The share in cabinet posts is 52 percent for Bashir’s nominees, 28 percent for Garang’s men and the remaining 20 percent for smaller groups.
This is a six-year transition arrangement following which a referendum on independence shall be held in the south. Three central regions of the Nuba mountains, Blue Nile and oil-rich Obiye have been given special status since both north and south believe them to be their part.
Literally all the contentious issues remain unresolved and this is likely to trigger acrimonious disputes sooner than later, as would the simmering discontent among the various disgruntled segments all over the country who are uncomfortable with the concessions given to Garang and his allied warlords.

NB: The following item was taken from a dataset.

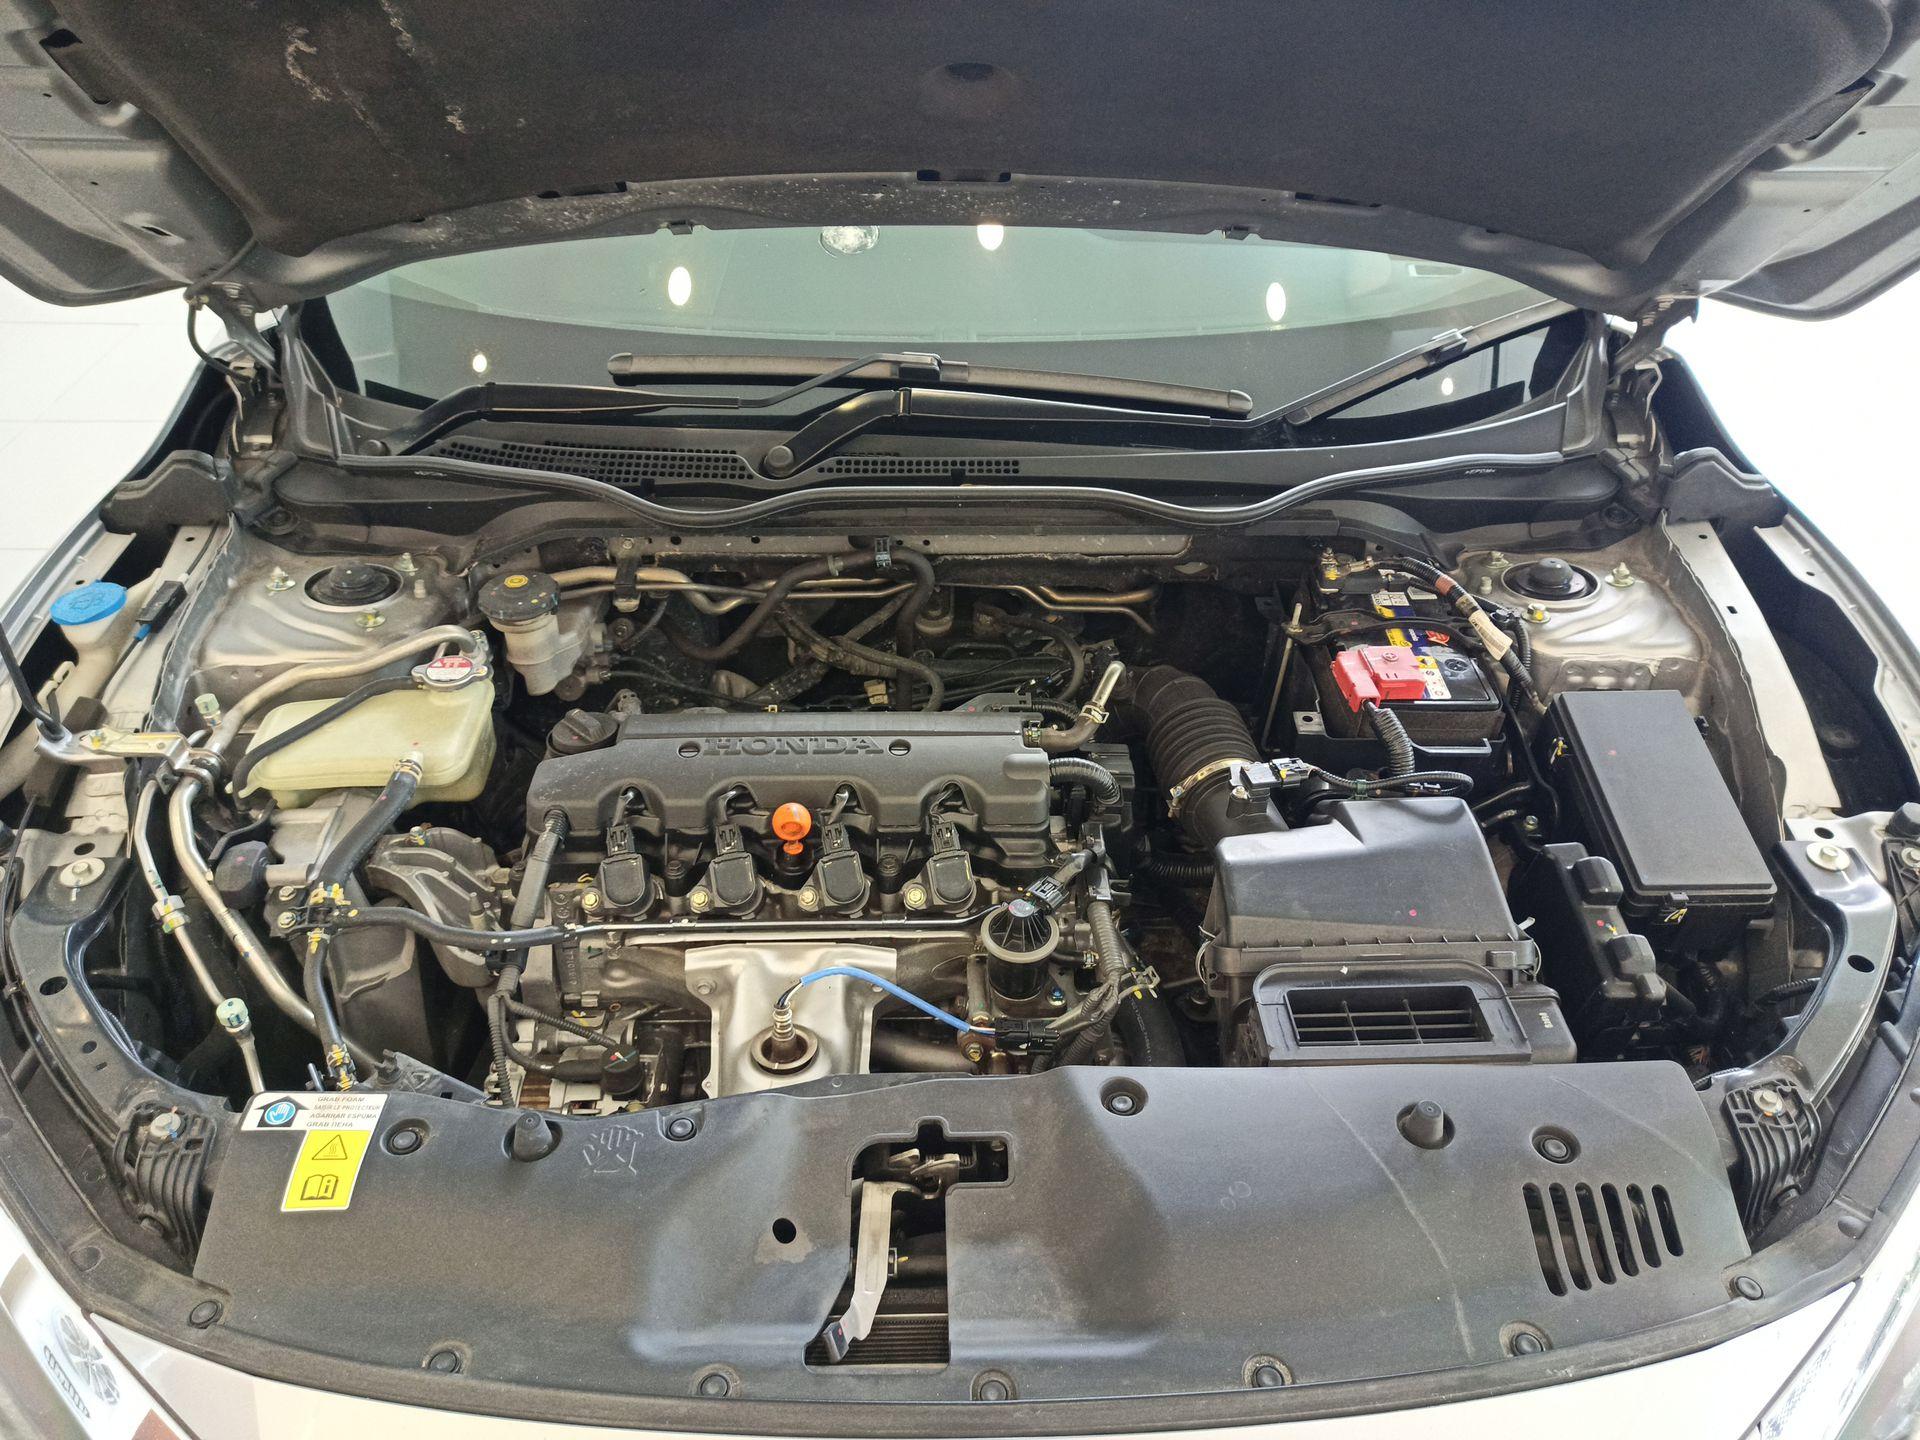 2017 Honda Civic 1.8L I-Vtec (A)

Sudan derives its name from the Arabic phrase Bilaad-us-Soudan (the regions inhabited by the blacks), as it was known by the Arabs inhabiting in the lower Nile, presently Egypt.
This unique country had the double distinction of being area-wise the largest country in the Muslim world as well as that in the continental Africa. A short time hence, this fact would be history, and debatable it is whether even the areas around Khartoum would like to remain being known as Sudan.
While celebrating what the peace agreement says the myopic leaders of the African Union (AU) and world leaders elsewhere are turning a blind eye to what the agreement does not say.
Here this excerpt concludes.